Première belle surprise de l’année : le livre hirsute de Jules Vipaldo Le banquet de plafond. Quoi de mieux pour s’envoler du plancher des vaches ? La poésie se déglingue pour sonner matines lors dès l’érection de l’aube. Jules s’y fait un sujet d’exception : « éjaculauteur précoce » au physique d’exception.

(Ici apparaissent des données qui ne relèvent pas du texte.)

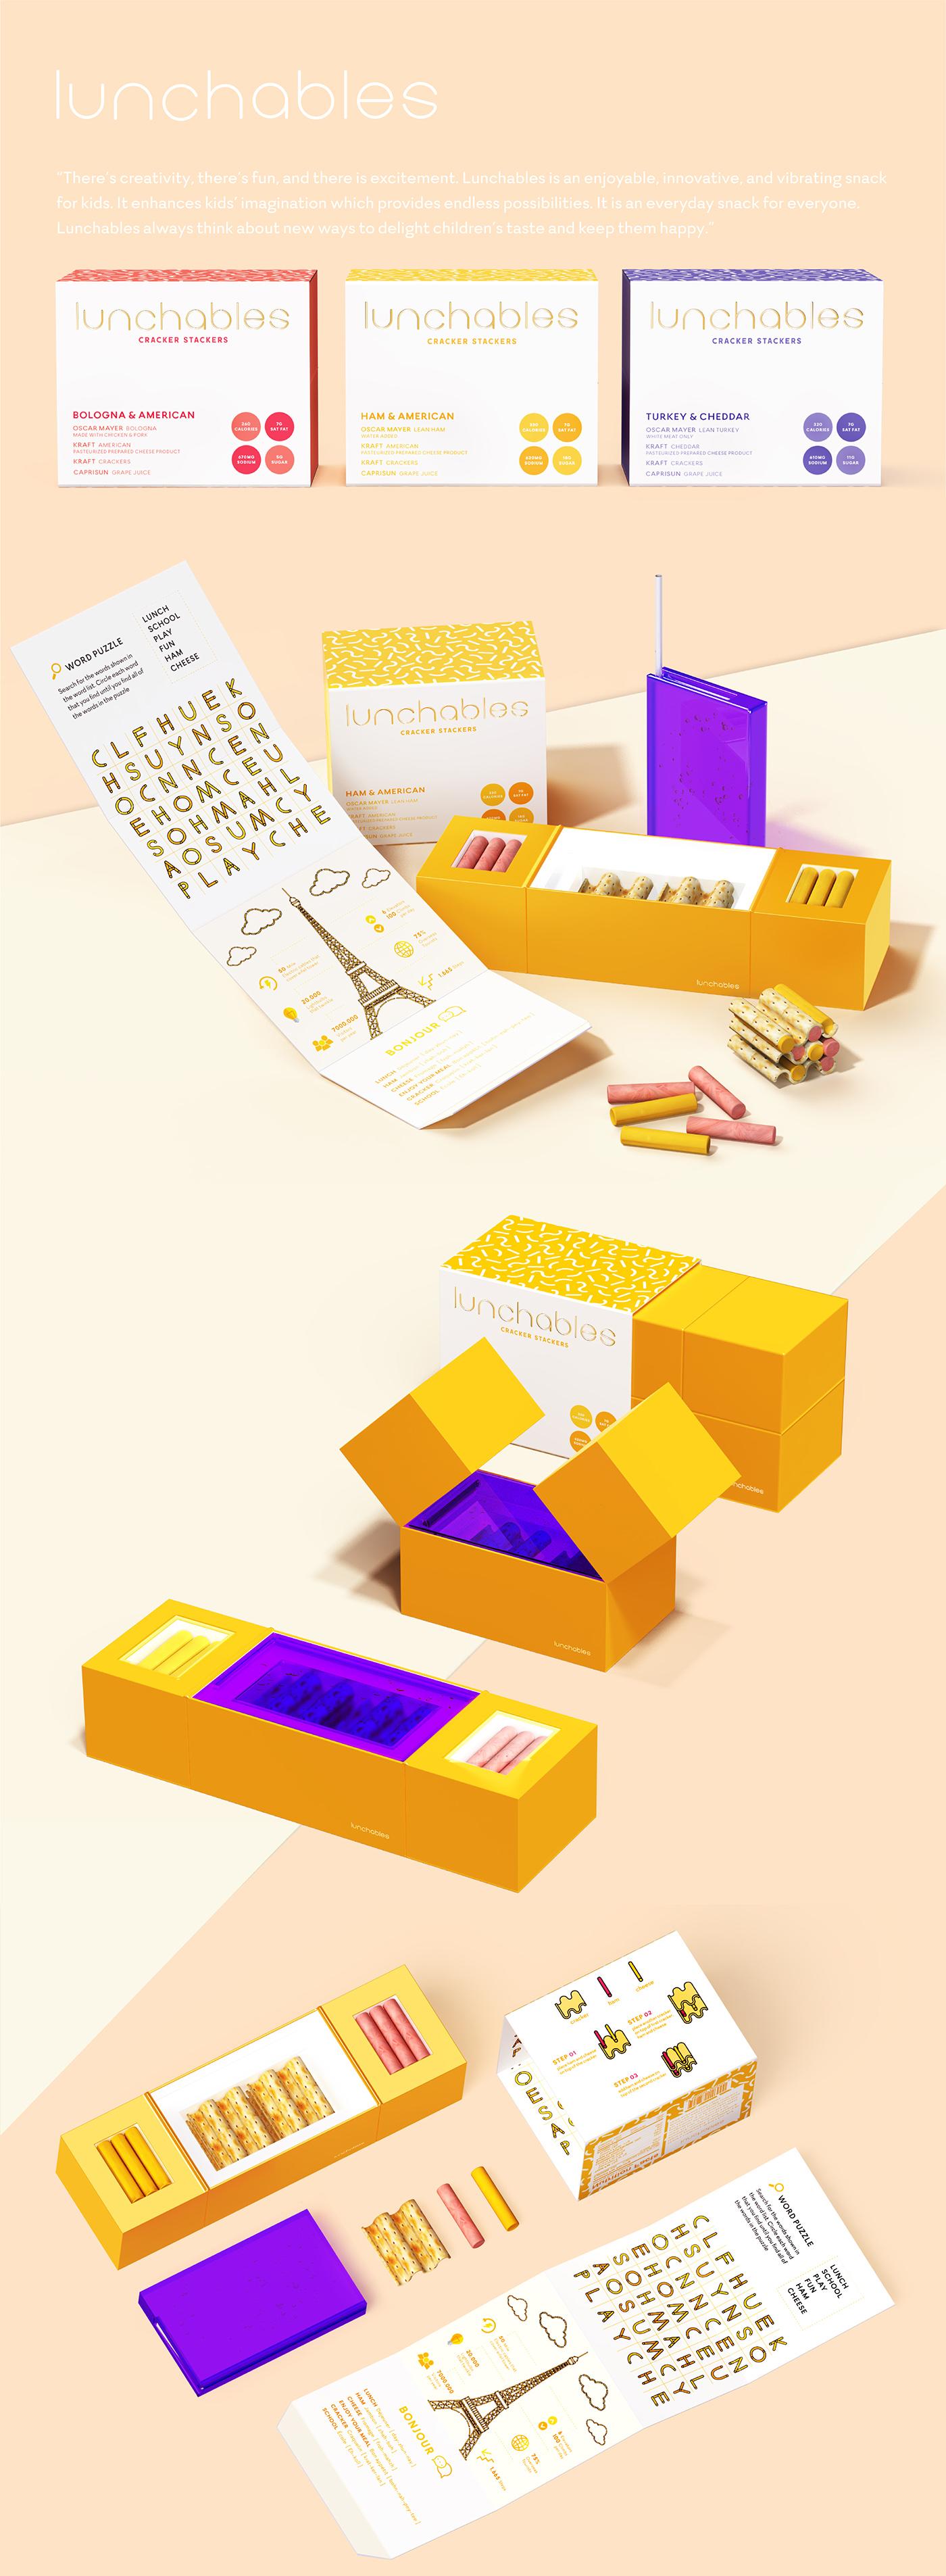 lunchables,Packaging,rebranding,branding ,color,dieline,ham,photoshoot,graphic,adobeawards

Ce qui n’empêche pas celui qui est taillé telle une armoire de rester « stoïque comme un guéridon ». Néanmoins, pas besoin du lui lancer un « si tu es gai ris donc ». Les poupées se grisent de telles épopées — elles ne sont pas les seules : les « coqs sont en pages » et peuvent se prendre pour des rois ou chevaliers braillards.

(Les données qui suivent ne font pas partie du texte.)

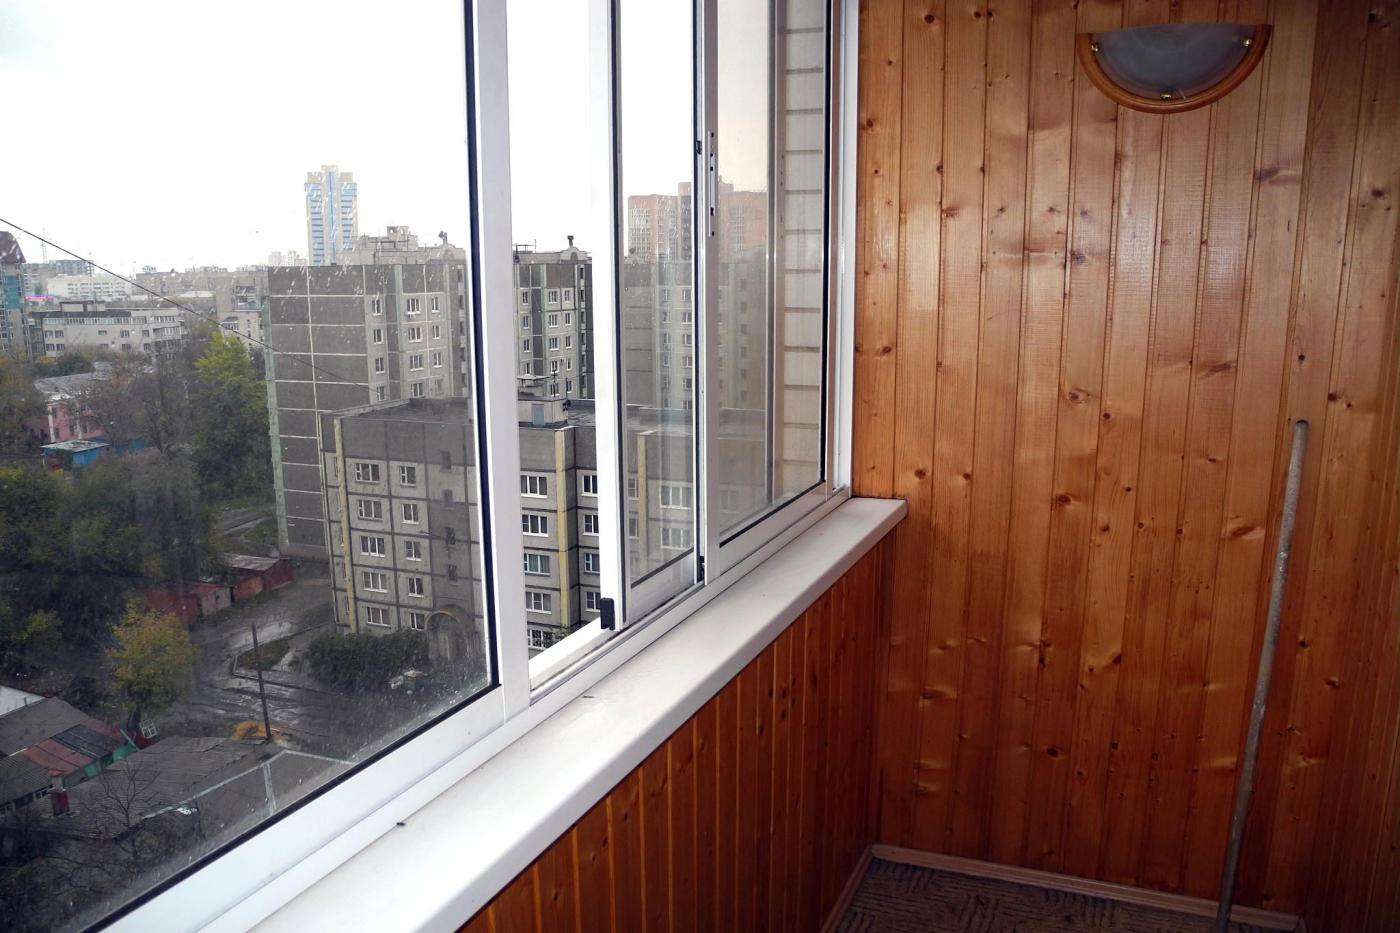 2-комнатная квартира посуточно (вариант № 3876), ул. Войкова улица, фото № 12

En quête de tout, voire plus ( à savoir de n’importe quoi), il songe parfois à plonger dans l’erreur suprême (« relire Butor »), pour se reprendre et entonner à tout bout de champ des bouts de chants. Le lecteur ne peut que se laisser glisser en un tell sillage. Inspiration, expiration sont en place. Ce qui permet au discours d’émettre divers phrasés — suaves ou non mais farcesques toujours – capables de donner aux rogatons de l’existence un « zeste lacté » propre à une chanson de geste pleine d’embrouilles.

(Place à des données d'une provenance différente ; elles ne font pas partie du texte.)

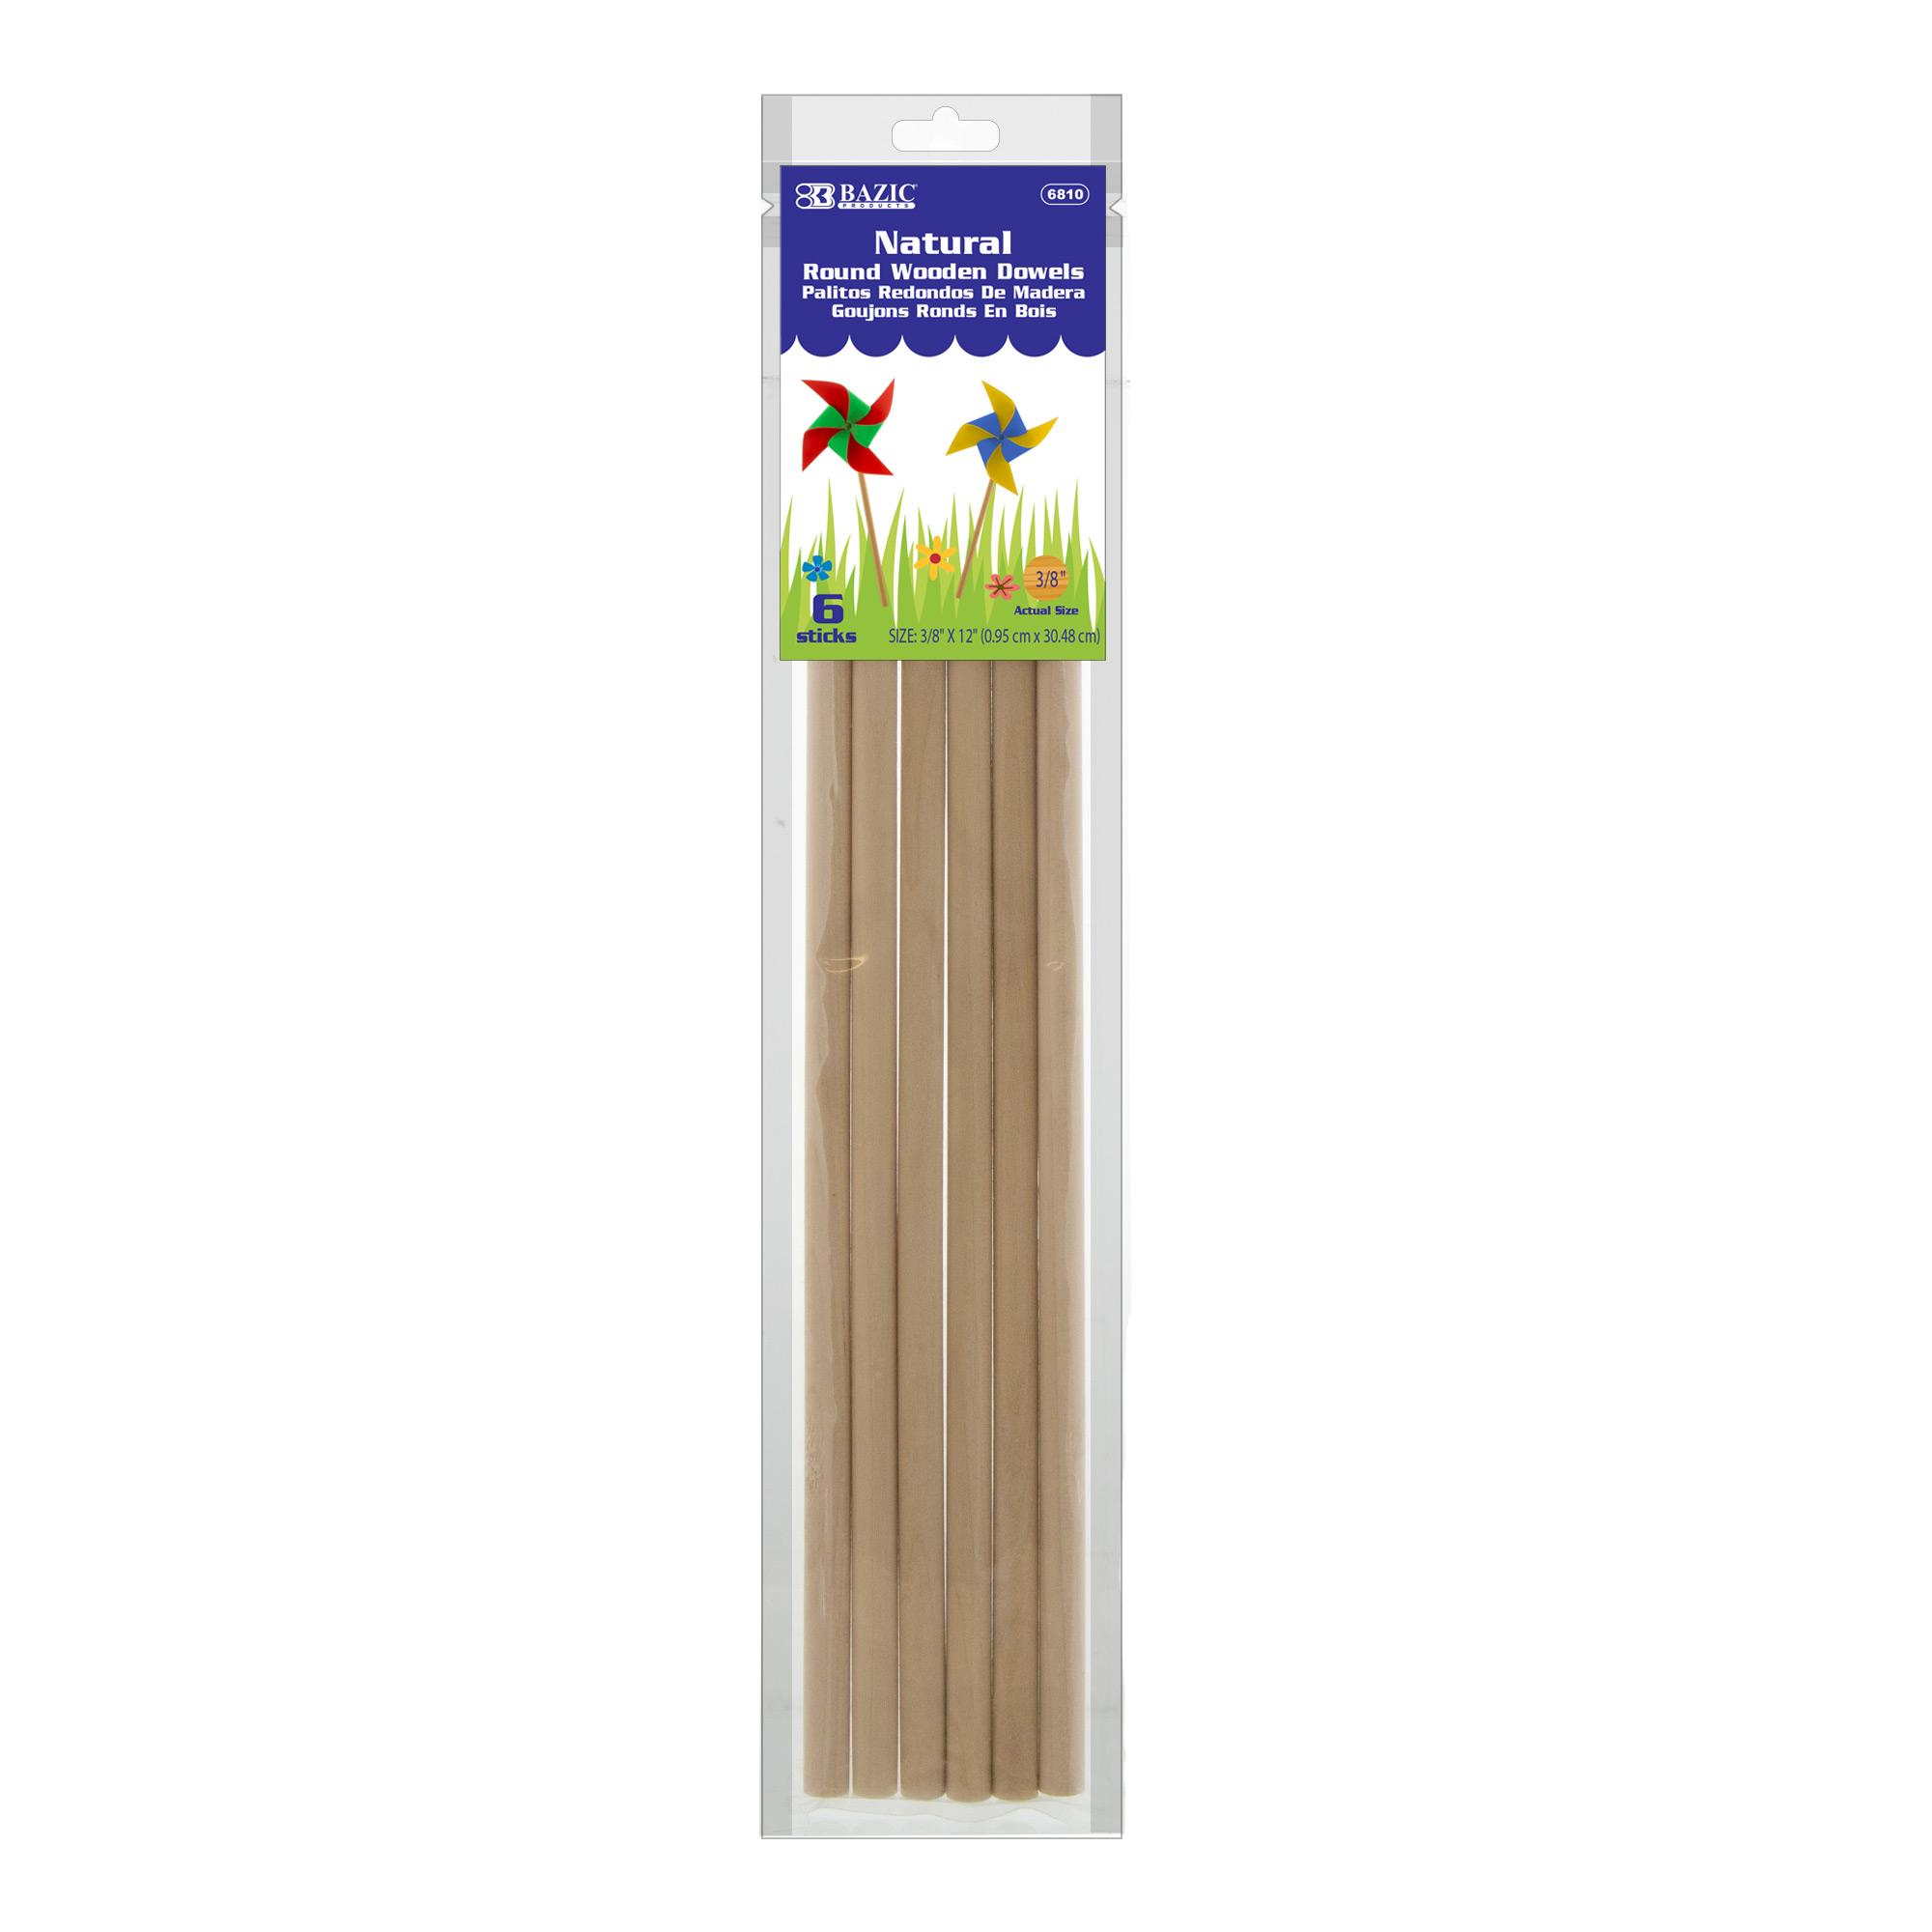 Wooden Dowel Round Natural 3/8″ x 12″ (6/Bag)

Les rongeurs — rats de goût — s’y font une place de rêve. Manière de rationaliser et de sourire sans pour autant en faire un fromage ou « ratcoler ». Chez Jules Vipaldo, breton d’occasion et d’opérette, le poème n’est jamais un désert du Staël. Préférant lits et ratures à la littérature qui se couche dans de beaux draps, l’auteur écrit non pour les moines hauts mais pour les moineaux « sautillant comme des puces affamées ». Mais ce sont elles qui se grattent sur le dos de sternes et mouettes côtières comme de Sterne soudain réveillé de son long sommeil “par ces lignes (« Oui Ferdinand»)” ajoute Vipaldo… On n’y résiste pas.
Tendue « comme l’élastique d’un string » sur un ventre bien rebondi, l’écriture de ce drôle de Jules plane sur la poésie en l’expurgeant de l’argile ou de la graisse que les académichiens malaxent en faisant état de leur médiocrité. Le poète — qui s’ennuie ou s’énerve dans ce bas monde — passe outre. Il prône et cultive un humour distillé de derrière les fagots. Celui-ci ne soûle jamais mais enivre.
Aux gros maux le poète assène de grands remèdes : il s’agit de raticides que l’auteur ratifie là où l’absolu se vomit en des miscellanées de mélodies en sous-sol. L’auteur en garde — précieusement ou non — la clé.
jean-paul gavard-perret
Jules Vipaldo, Le banquet de plafond, Tinbad Editions, coll. « Tinbad Poésie », Paris, 2018, 140 p. — 18,00 €. En librairie le 18 février.
100% d’accord ! Merci, JPGP, pour cette belle lecture.